Tenant un rameau d'olivier, Roni, 24 ans, garde un œil sur la police encadrant une petite marche qu'elle dirige en faveur d'un cessez-le-feu à Gaza.

Elle et ses amis disent avoir été arrêtés, harcelés et menacés de mort après des manifestations similaires organisées depuis qu'Israël a lancé ses bombardements sur la bande de Gaza. 

"Il est presque impossible d'appeler à la paix en Israël en ce moment, dit à l'AFP la jeune militante, jetant un regard par-dessus son épaule. "Il faut être très prudent."

Des groupes de défense des droits humains accusent les autorités israéliennes de mener une vaste campagne de répression en interrogeant des centaines de militants anti-guerre et en poursuivant en justice nombre d'entre eux.

L'attaque du 7 octobre a fait environ 1.140 morts, selon un décompte de l'AFP basé sur les derniers chiffres officiels israéliens. Quelque 250 personnes sont détenus à Gaza où 129 d'entre elles y sont toujours retenues selon Israël.

Dans la bande de Gaza, les bombardements dévastateurs israéliens ont fait 20.000 morts, à 70% des femmes et des enfants. Ce décompte, pour des raisons évidente, s’échine à occulter le nombre de blessés, par des dizaines de milliers, ainsi que celui des portés disparus. Sans compter ceux qui sont sous les décombres ou dont l’état sanitaire de Gaza les condamne à petit feu sans que l’on voit du coté des ‘’puissances agissantes’’ que des vœux pieux appelant à des ‘’trêves’’ dites ‘’humanitaires’’.

Alors que des manifestations ont lieu à l'étranger pour soutenir les Palestiniens et que la pression internationale s'accroît sur Israël, il est en revanche devenu plus difficile pour les Israéliens de s'opposer à leur propre gouvernement, d'après des militants et des ONG.

La police a maintes fois refusé d'accorder des autorisations pour des manifestations anti-guerre et arrêté leurs organisateurs, selon ces sources.

"Tolérance zéro" 

La police israélienne a déclaré à l'AFP qu'elle "défendait fermement le droit fondamental à la liberté d'expression".

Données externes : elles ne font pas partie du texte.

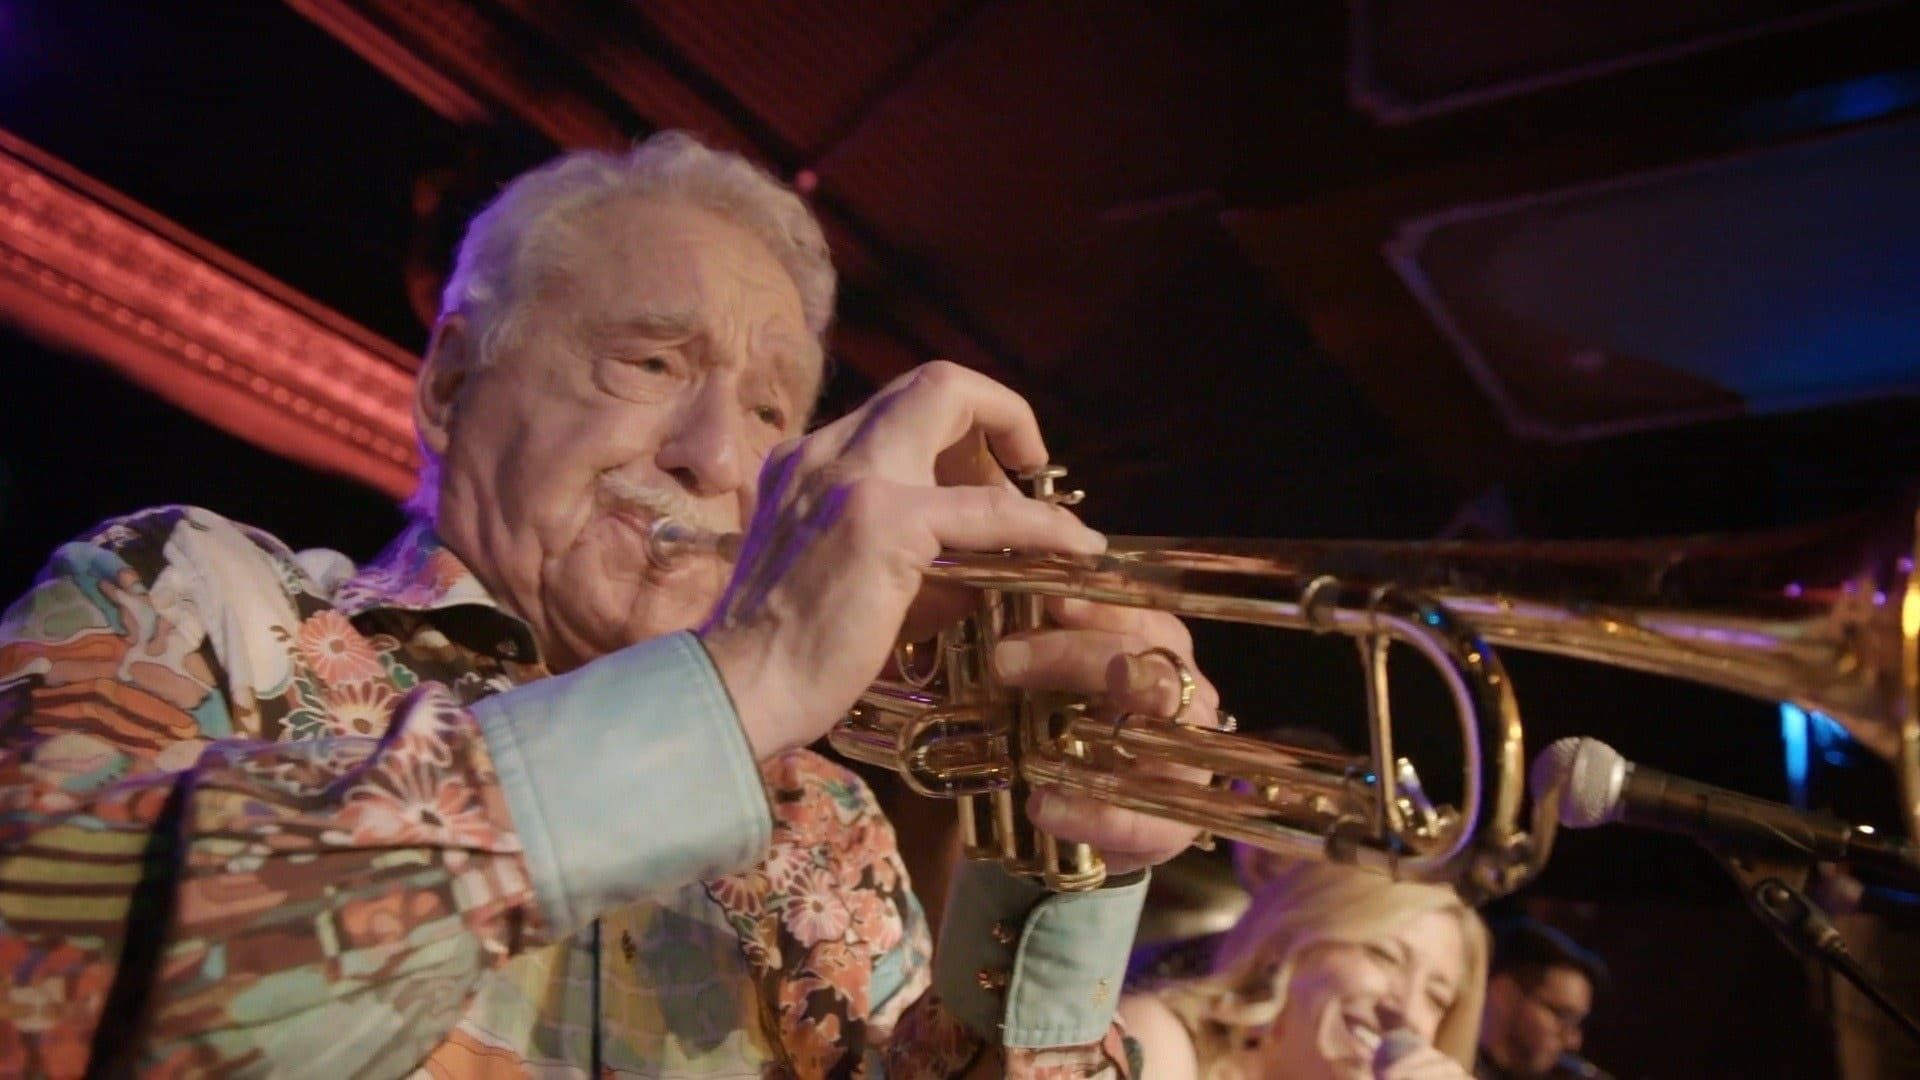 Never Too Late: The Doc Severinsen Story background

"Mais il est également impératif de s'attaquer à ceux qui exploitent ce droit pour inciter à la violence, promouvoir l'obscénité, tenir des propos haineux, proférer des menaces ou créer des problèmes de sécurité publique, en particulier en temps de guerre contre une organisation terroriste cruelle", selon elle.

"Ce à quoi nous assistons aujourd'hui est d'une ampleur sans précédent", affirme Noa Sattath, directrice de l'Acri, le plus ancien groupe de défense des droits civiques du pays. "Le musèlement des dissidents est extrêmement fort."

Après le 7 octobre, le chef de la police israélienne Kobi Shabtai a prévenu qu'il y aurait une "tolérance zéro" envers les manifestations de soutien à Gaza et menacé d'envoyer les manifestants anti-guerre, une infime minorité du pays, dans le territoire palestinien assiégé.

Ce climat est encore plus inquiétant pour les Arabes israéliens, les descendants de Palestiniens restés sur leurs terres après la création de l'Etat d'Israël en 1948, victimes de discrimination par rapport à la population juive.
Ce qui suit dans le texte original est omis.